Recently in the Monkeyhouse while watching Tron Legacy (courtesy of Al - cheers!), I turned to Mrs Simian and said "Is it wrong that I'm enjoying the music so much?" Of course it wasn't, she said. Daft Punk were an inspired and logical match for the movie, and of course it didn't take me long to recall that the combination was naturally appealing to me, because friends - deep within the recesses of the Simian brain is an Eighties techno fan.

As a teenager interested in movies and Sci-Fi and comics the desire to look for a musical genre that would naturally accompany these was strong. Electronic music chose me in the end, courtesy of TVSF. For a while I collected Jean Michel Jarre albums, then any synthesised soundtracks I could get my hands on - mainly dubbed tapes from friends (Manhunter, Blade Runner, and I seem to recall liking Toto's soundtrack to Dune a fair bit). But the most eclectic cassette I had was this one - the 'Jive Electro'  Disc Drive sampler. Check out that blue neon Vitruvian Man!:


Lots of Tangerine Dream was on there, which was pretty cool, as I'd thought they were just hippies before that. And I really dug Mark Shreeve, who had based some of his compositions around Stephen King's The Stand (which I was also reading at the time), so that got an easy pass. Here he is playing live in the UK. Apologies for the Eighties-ness - it's time travel, dude.

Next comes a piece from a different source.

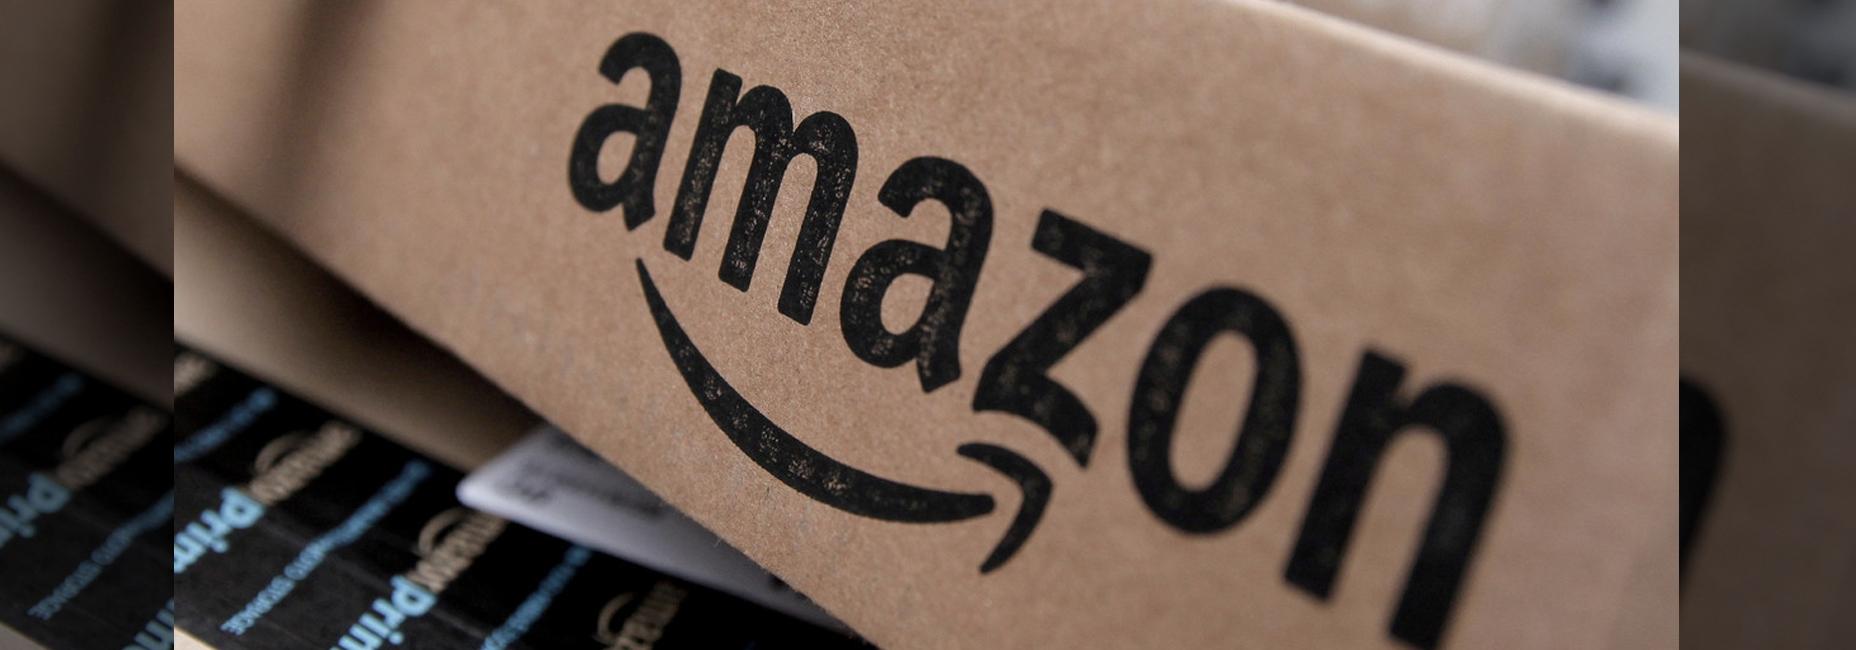 ¿Buscas regalo de último minuto? Estas son grandes opciones de Amazon

I still like a bit of retro futurism, and the media I consume as a fan these days confirms that each iteration has formed its own SF subgenre in a way. Every decade has its own version of the future, and in every example I can think of I find there's more to explore and enjoy in the 'retro' version than the future we might predict today. I can't fully explain why. Is it because it's a safe blending of nostalgia and optimism? Naive motifs unsullied by modern science and the reality of life in the twenty-teens? I do know I get more pleasure (guilty and genuine) out of seeing how we imagine the future than seeing how we do now, even if it's an Eighties vibe which has, to my mind, a lot more to do with post-apocalyptic ruin and nihilism than before. The Seventies and Sixties both predicted worlds shattered by nuclear warfare, but usually one in which the nuclear threat was the closing act of humanity - the Eighties, whether in the Mad Max movies, Terminator series or even our own little knock-off Battletruck , saw a way past the bomb and a chaotic, macho world beyond - a new barbarism. Its soundtrack was unrelentingly synthesised, anticipating perhaps the world's future to not be that of men and women, but machines. Any sufficiently advanced music suite could therefore be indistinguishable from your better-than-average video game backing track down at your local arcade.
























This marriage of pulp Eighties SF kitsch and synthesised music is a strong element of Disasteradio's music, and while Gravy Rainbow will likely haunt alter ego Luke Rowell until his dying day, there's a shared aesthetic in his videos for Visions, No Pulse and Drop the Bomb that show Eighties retro futurism is alive and well and sounding pretty cool. I may have traded in Disc Drive over twenty years ago at Records Records in Dunedin for the beginnings of my Flying Nun collection, but it's very good to have this stuff (and Daft Punk's End of Line) around as well.